MOD returns the smallest nonnegative value, R, such that (x - R)/y = n.
In this example, the value for n is an integer value. That is, R is the smallest nonnegative value that must be subtracted from x to make it divisible by y.
>>-MOD(x,y)----------------------------------------------------><
- x
- Real expression.
- y
- Real expression. If y = 0, the ZERODIVIDE condition is raised.
The result, R, is real with the common base and scale of the arguments.
If the result is floating-point, the precision is the greater of those
of x and y. If
the result is fixed-point, the precision is given by the following:
(min(n,p2-q2+max(q1,q2)),max(q1,q2))In this example, (p1,q1) and (p2,q2) are the precisions of x and y, respectively, and n is N for FIXED DECIMAL or M for FIXED BINARY.
If x and y are fixed-point with different scaling factors, the argument with the smaller scaling factor is converted to the larger scaling factor before R is calculated.

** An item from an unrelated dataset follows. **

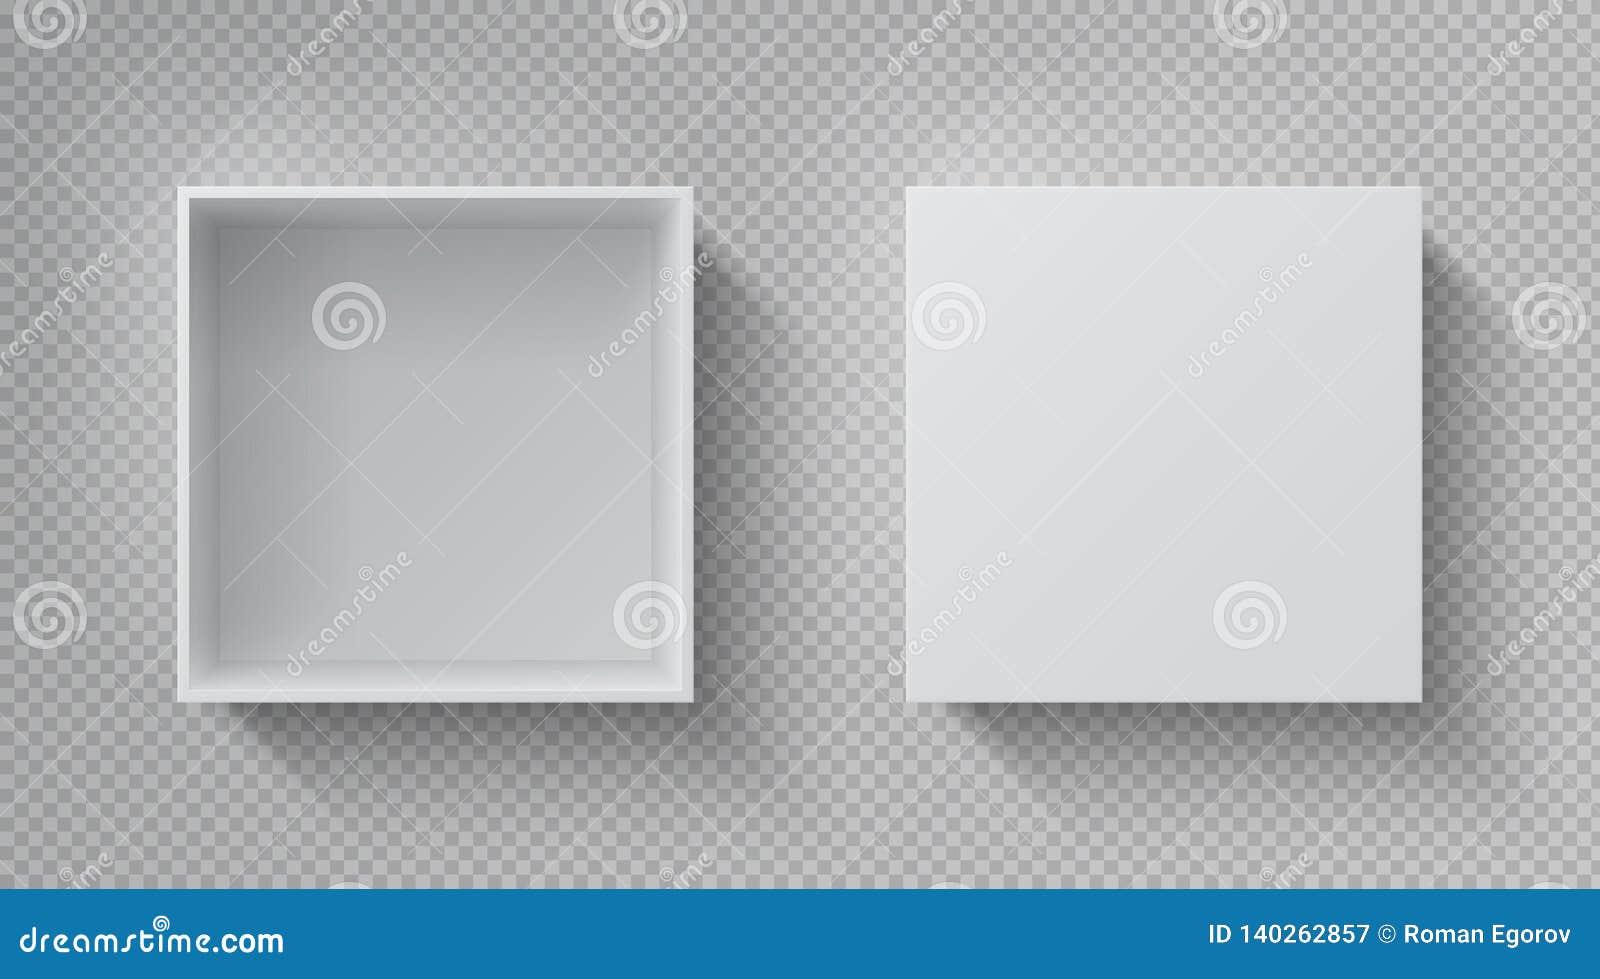 Realistyczny pudełkowaty ODGÓRNY widok Otwiera białego pakunku mockup, karton zamykająca prezenta pudełka pustego papieru paczka

If the conversion fails, the result is unpredictable.
If the result has the attributes FIXED BIN and one or more of the
operands has the attributes UNSIGNED FIXED BIN, the result has the
SIGNED attribute unless both of the following conditions are true:
- All of the operands are UNSIGNED FIXED BIN.
- The RULES(ANS) compiler option is in effect.
- Raise the SIZE condition if SIZE is enabled.
- Produce a negative value if SIZE is not enabled.
Example
The following example contrasts the MOD and REM built-in functions.
rem( +10, +8 ) = 2
mod( +10, +8 ) = 2
rem( +10, -8 ) = 2
mod( +10, -8 ) = 2
rem( -10, +8 ) = -2
mod( -10, +8 ) = 6
rem( -10, -8 ) = -2
mod( -10, -8 ) = 6